In 2008 we knew that most parents were not overly concerned about aggression, violence or so called addictive qualities of video games. We also know that those parents with children aged 12 and over we considered to be the first generation of children to have grow up with access to video games and that over half had played video games as a child and continued to do so using a computer. Again, no specific details on the type of computer or game and even less about consoles and handhelds.
We can’t compare todays figures with older figures because there have been significant revisions to how videogames have been classified and how questions have been asked at the national level. For example, videogames are now considered part of children’s ‘screen-time’ use, but as most parents know — that use varies as does children’s access and the type of games they can play at any given available time. No data is being collected on the use of screen time or games in education, despite the billions of dollars of educational technology funding lavished on teachers and school systems since (weirdly) 2008.

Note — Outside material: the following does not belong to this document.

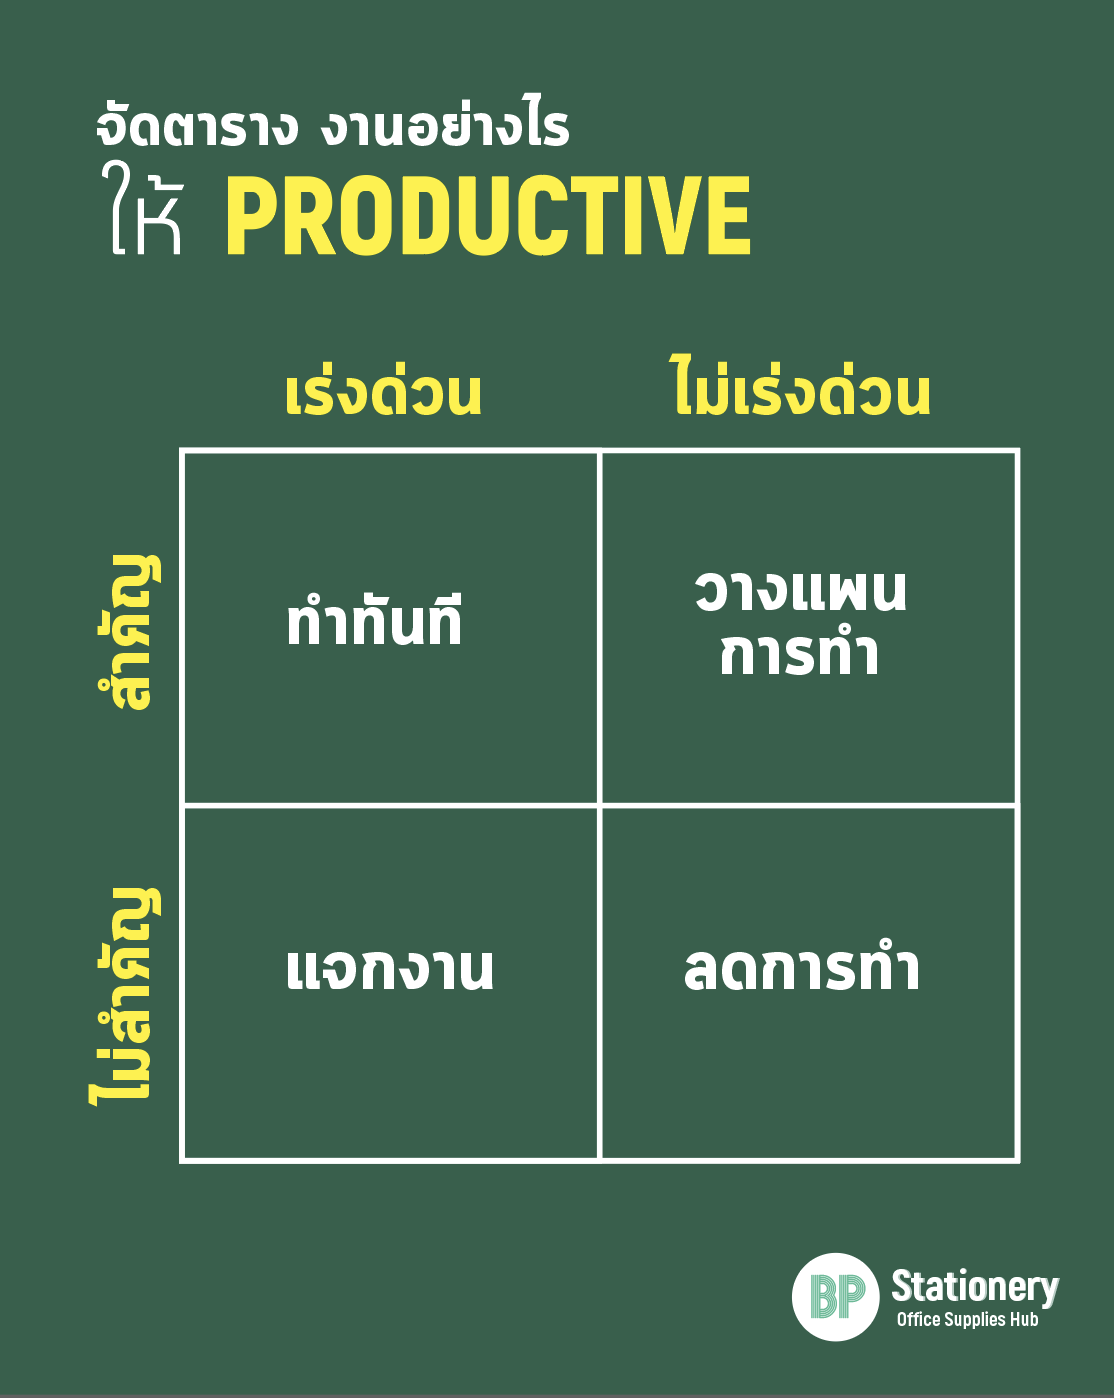 จัดตารางงานอย่างไร ให้ productive

What we do know is that the media presents videogames in ways intended to gain the attention of parents: either as customers or to perpetuate the same ‘media effects’ panic which has been rolling though popular media since the 1930s. We do know that all children and the vast proportion of adults play video games of one sort or another in the home, where as the vast majority of teachers and students (identity switch) do not. It strikes me as bizarre that some teachers are now expressing new interest in game-based-learning as though our culture has not already embraced it as media entertainment and used it to make sense of the world from the inside out for a very long time.
Videogames are a prolific and much enjoyed form of media entertainment in Australia. Despite ongoing media panic, Australians have not had the level of negative emotional reaction to videogames as might have occurred in other nations. We can’t assume that data and facts from PEW (American Life) can be generalised to Australia in the way the Aussie Dollar is a bit like the US Dollar.
We don’t need to hide from teaching and studying games, and games don’t have any excuses to make. The fact that Australians are highly likely to engage with complex, computational problem solving from pre-school onwards despite un-ambitious and media-conservative educators and narrow media ownership whos dislike of games is obvious — is quite remarkable.
So if anyone questions why you’d want to use videogames in school or home it is fair to say that as a media-text we see far more value in them than media reports broadly admit and far less danger than they claim.